The topical question of directors’ liability for payment of unlawful dividends continues to be controversial with conflicting decisions and views to whether the liability should be strict or fault-based. The most recent High Court decision of Burnden Holdings (UK) Limited v Fielding  EWHC 1566 (Ch) will therefore be of interest to directors, insolvency officeholders and auditors alike.
The case addressed the question of whether directors had any liability for dividends which had been declared based on incorrect accounts where the directors were unaware of the relevant facts.
A distribution made other than in accordance with the relevant provisions of the Companies Act 2006 is unlawful.
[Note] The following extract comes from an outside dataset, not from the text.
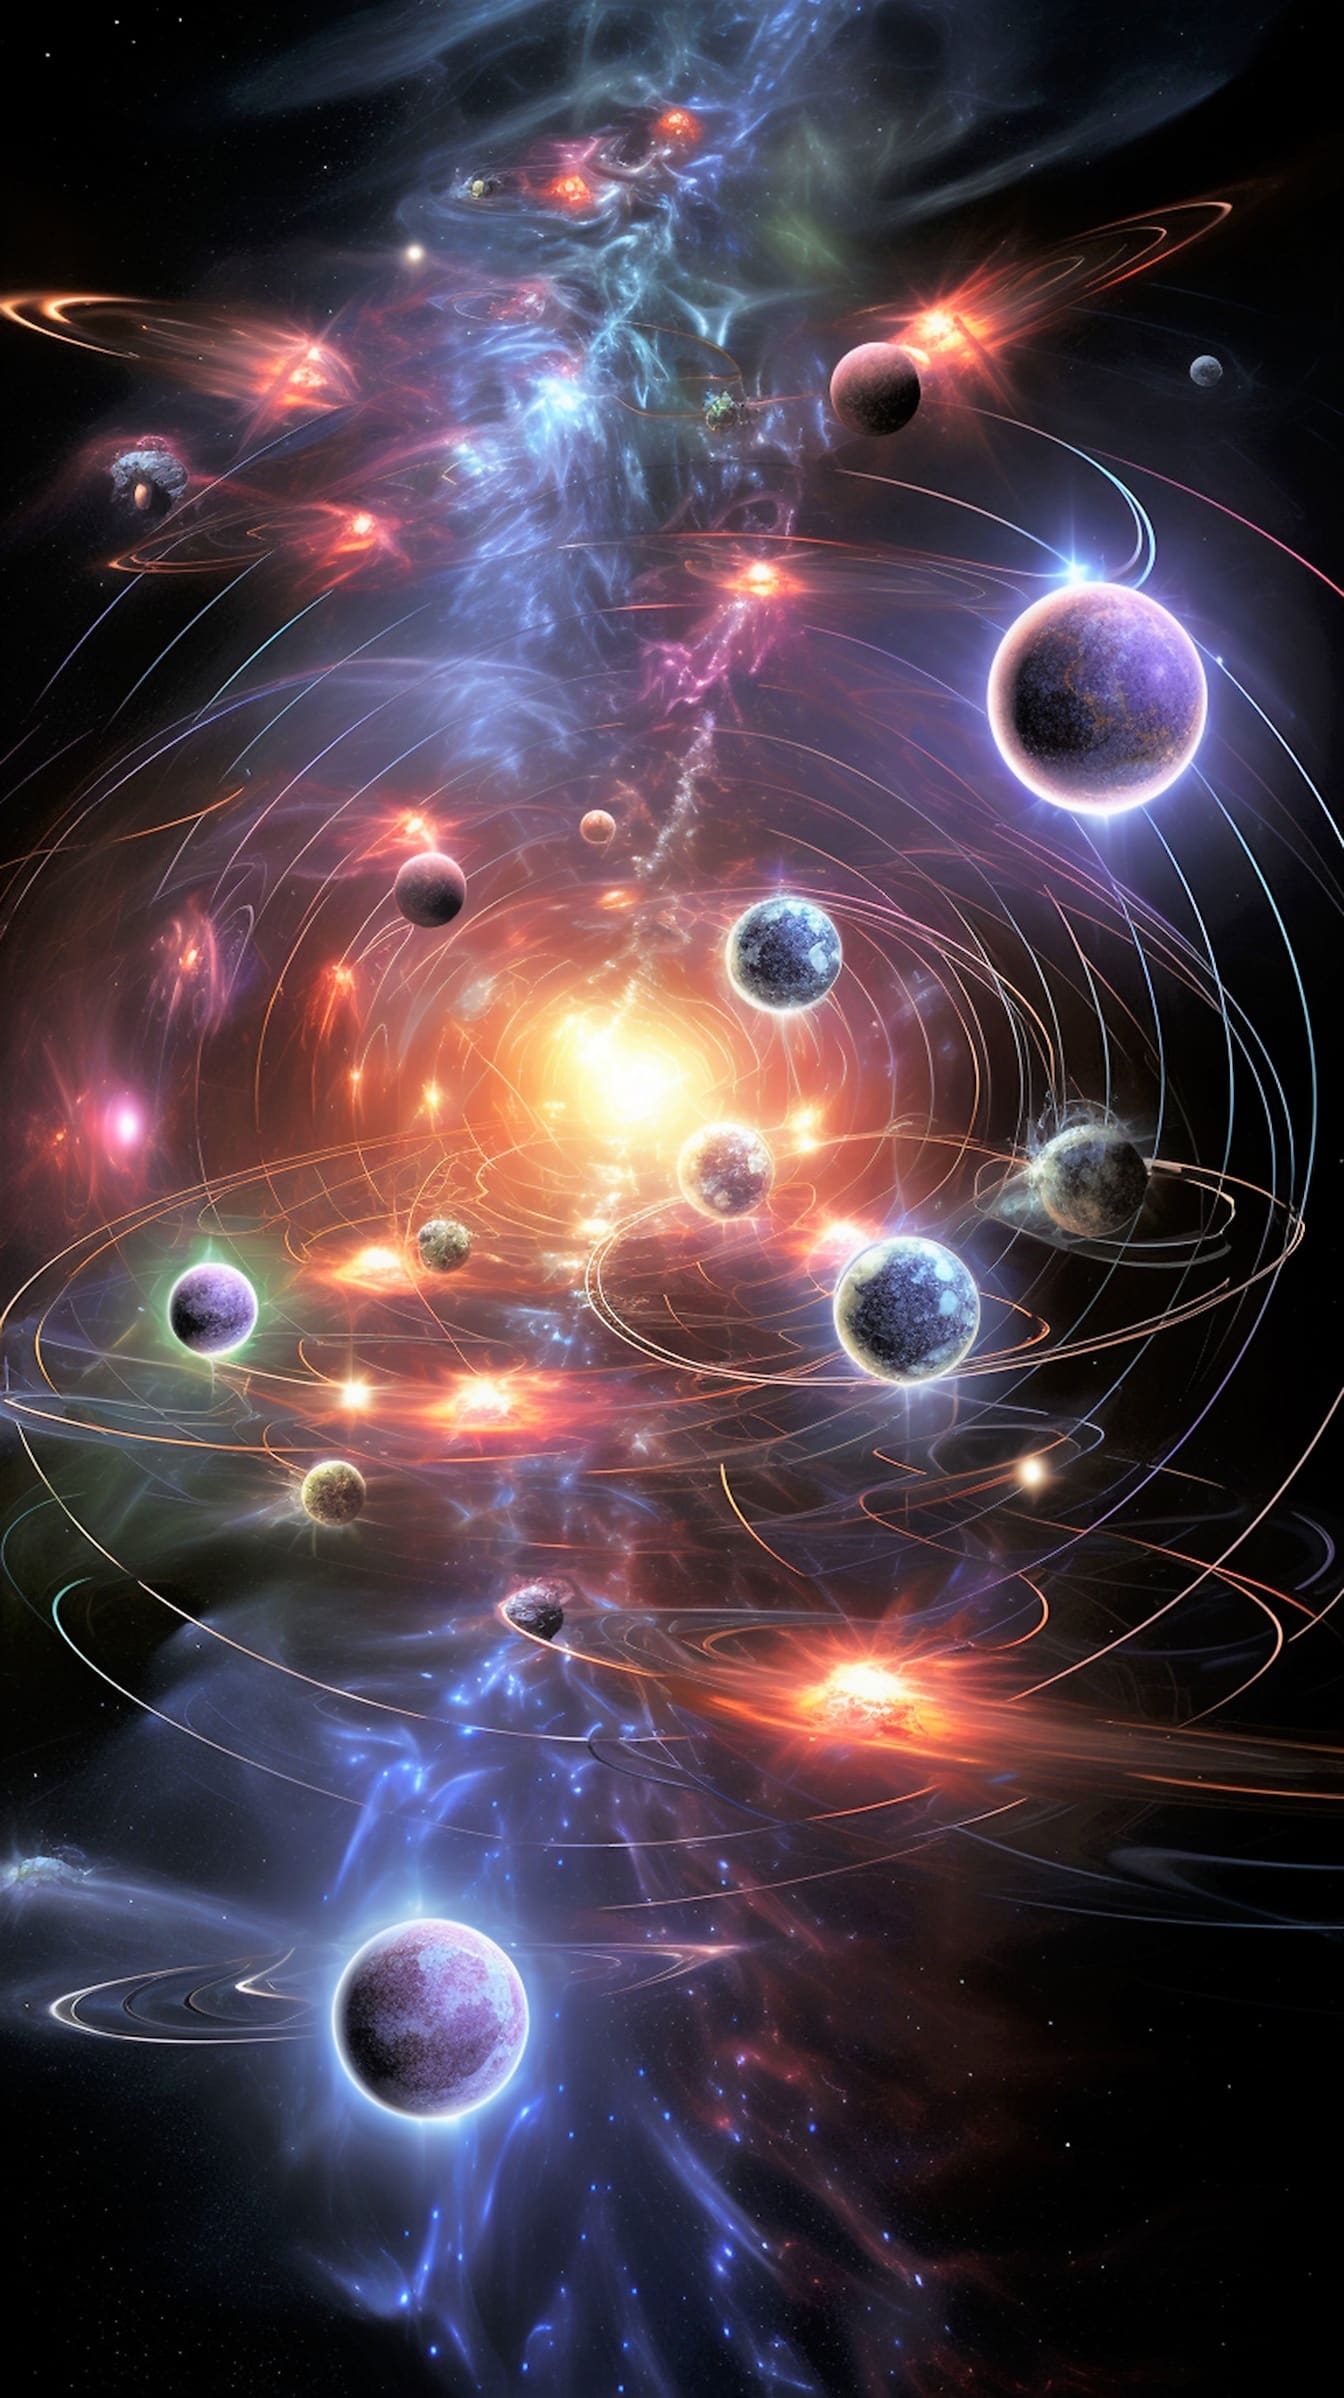 Futuristische abstrakte Astrologiegrafik des Sonnensystems mit Sonne

Whilst the Act explicitly provides a right for the company to seek repayment from a shareholder in circumstances where the shareholder knew or had reasonable grounds for believing the distribution was unlawful, it is silent on the explicit question of directors’ liability in those circumstances and there have been conflicting decisions on when directors should be held to be liable.
In Burnden, it was argued by the company and its liquidator that certain assets had been over-valued or mis-described in the accounts with the result that dividends paid to the husband and wife majority shareholders, both of whom were also directors, were unlawful. It was further argued that as directors the couple were personally liable for distributing the company’s assets in breach of the Act.
Mr Justice Zacaroli provided a very useful review of the case law which has built up over the last 150 years and held that on the facts the couple were not liable in their capacity as directors because they were not at fault in that they had taken reasonable care, including by appointing and relying upon appropriate professionals (accountancy advisers and the company’s finance director) when securing the preparation of the accounts and calculating distributable profits.
The take away from this case is that bringing claims against directors will inevitably be more difficult because of the need to establish fault on their part. It may in turn divert more attention to any professional preparing the accounts.